| To do |
Wherever the listing holds a picture, leave it out, and copy the remainder exactly.

| The data |

^^^^^^^^

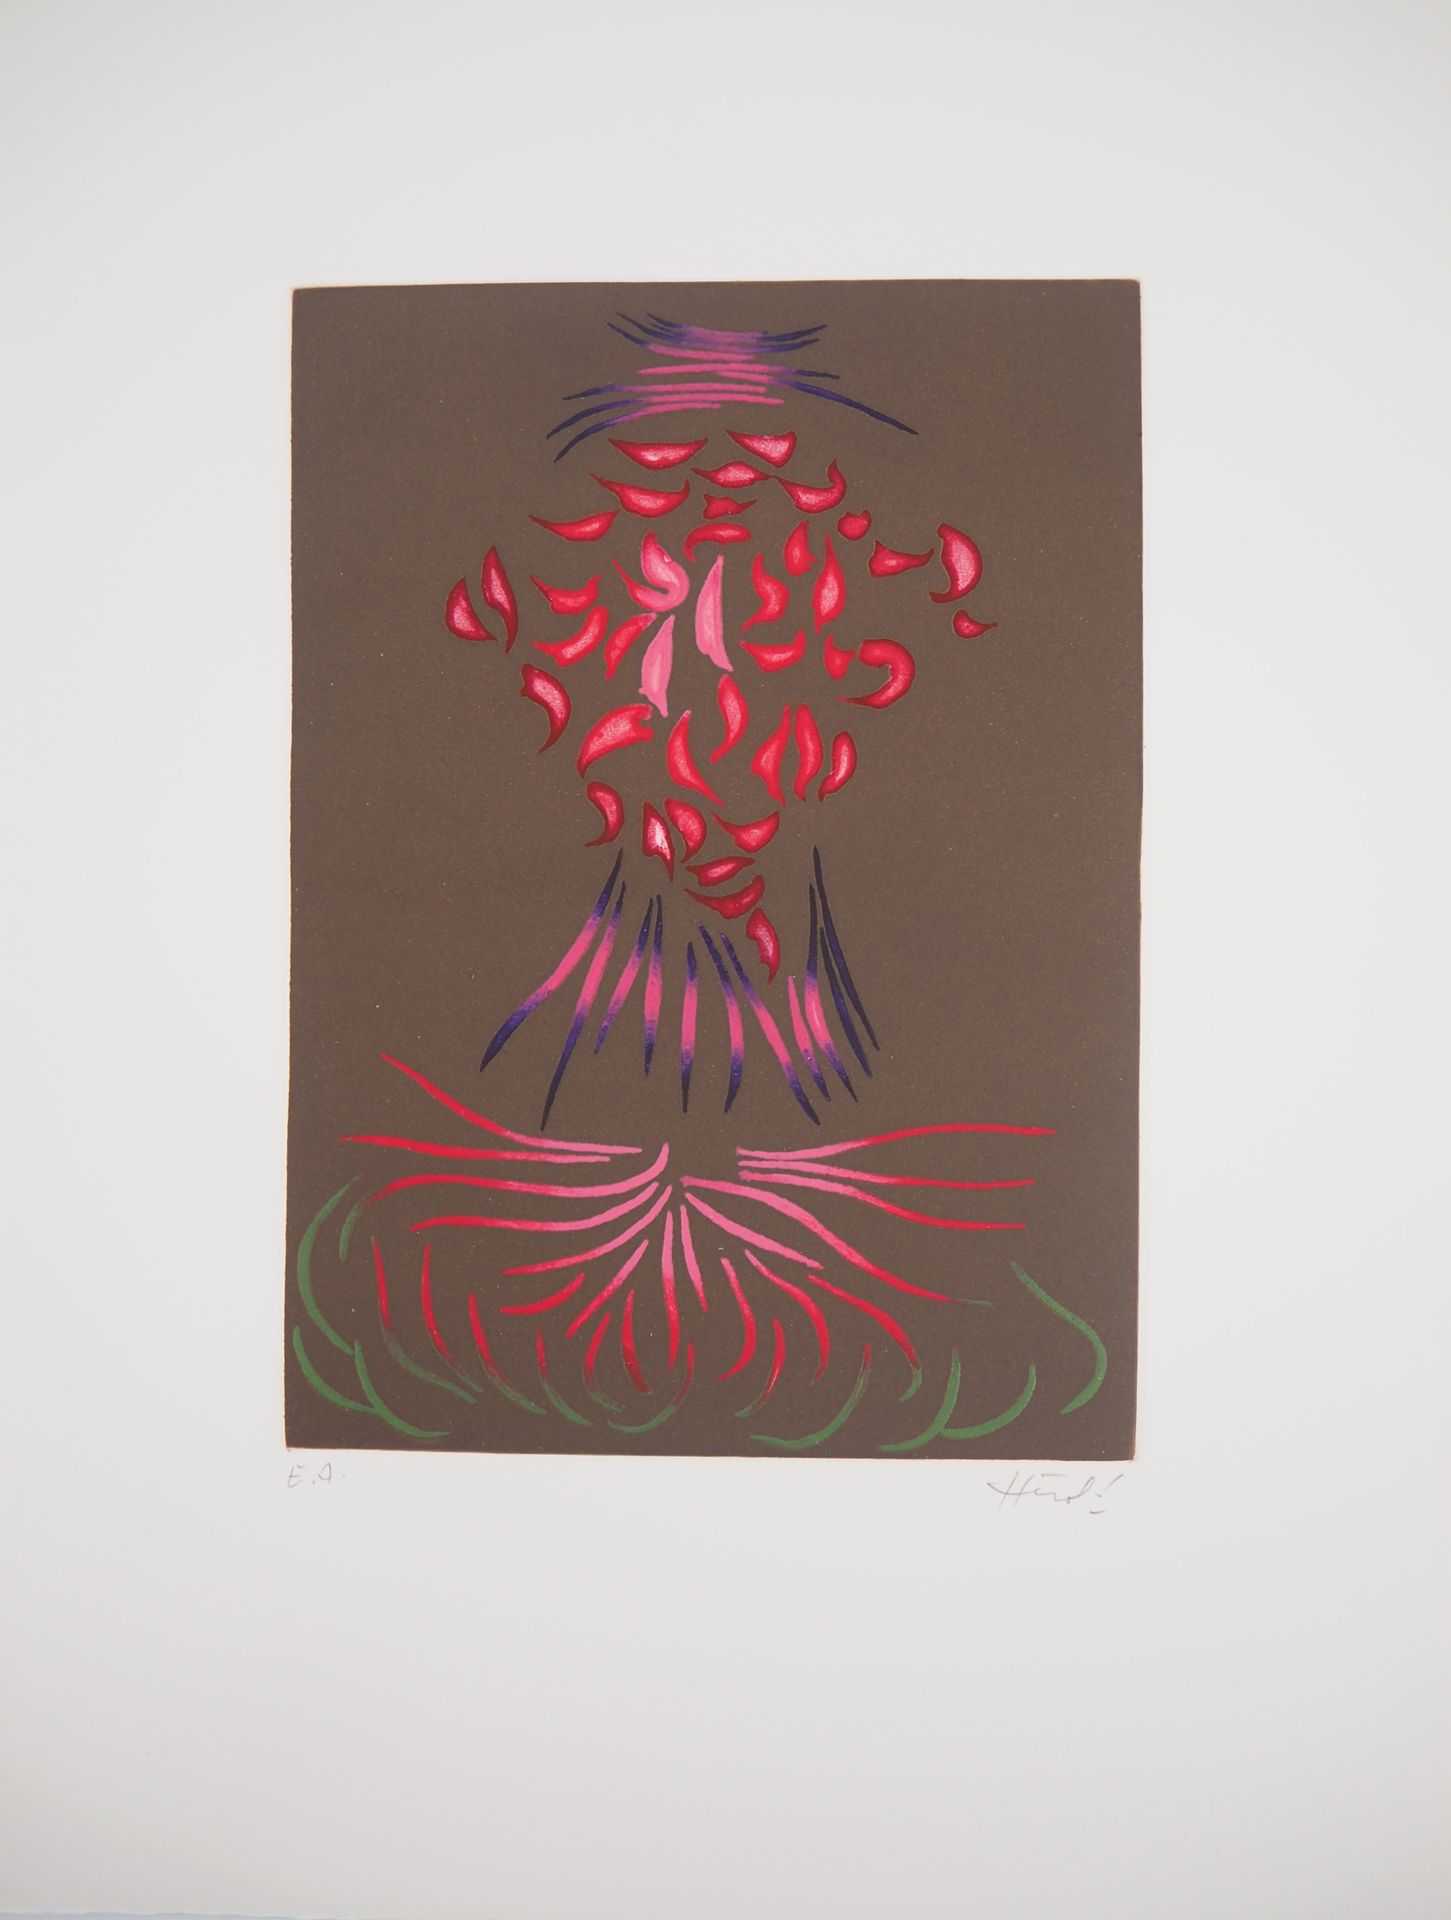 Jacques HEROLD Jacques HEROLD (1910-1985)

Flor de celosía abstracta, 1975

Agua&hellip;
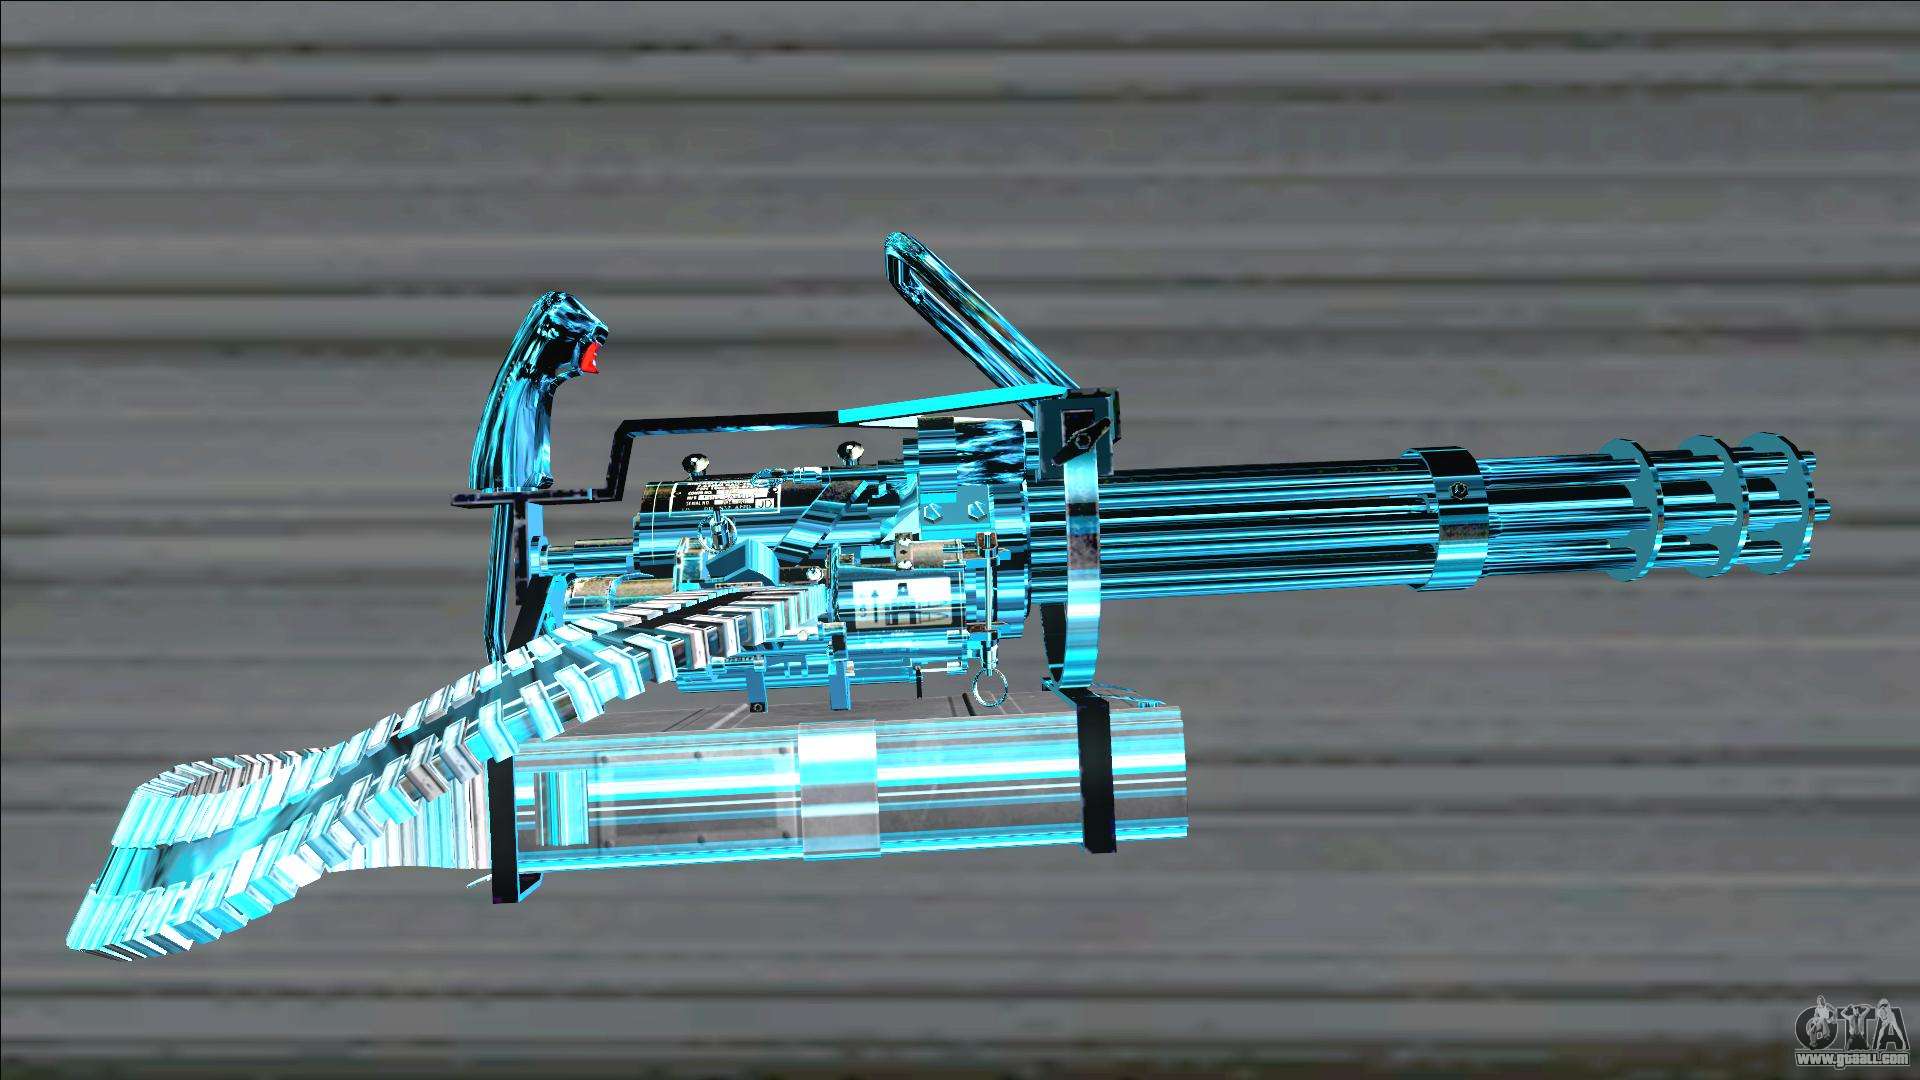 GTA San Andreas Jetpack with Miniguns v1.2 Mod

^^^^^^^^

| Finished exercise |
 Jacques HEROLD Jacques HEROLD (1910-1985)

Flor de celosía abstracta, 1975

Agua&hellip;
 GTA San Andreas Jetpack with Miniguns v1.2 Mod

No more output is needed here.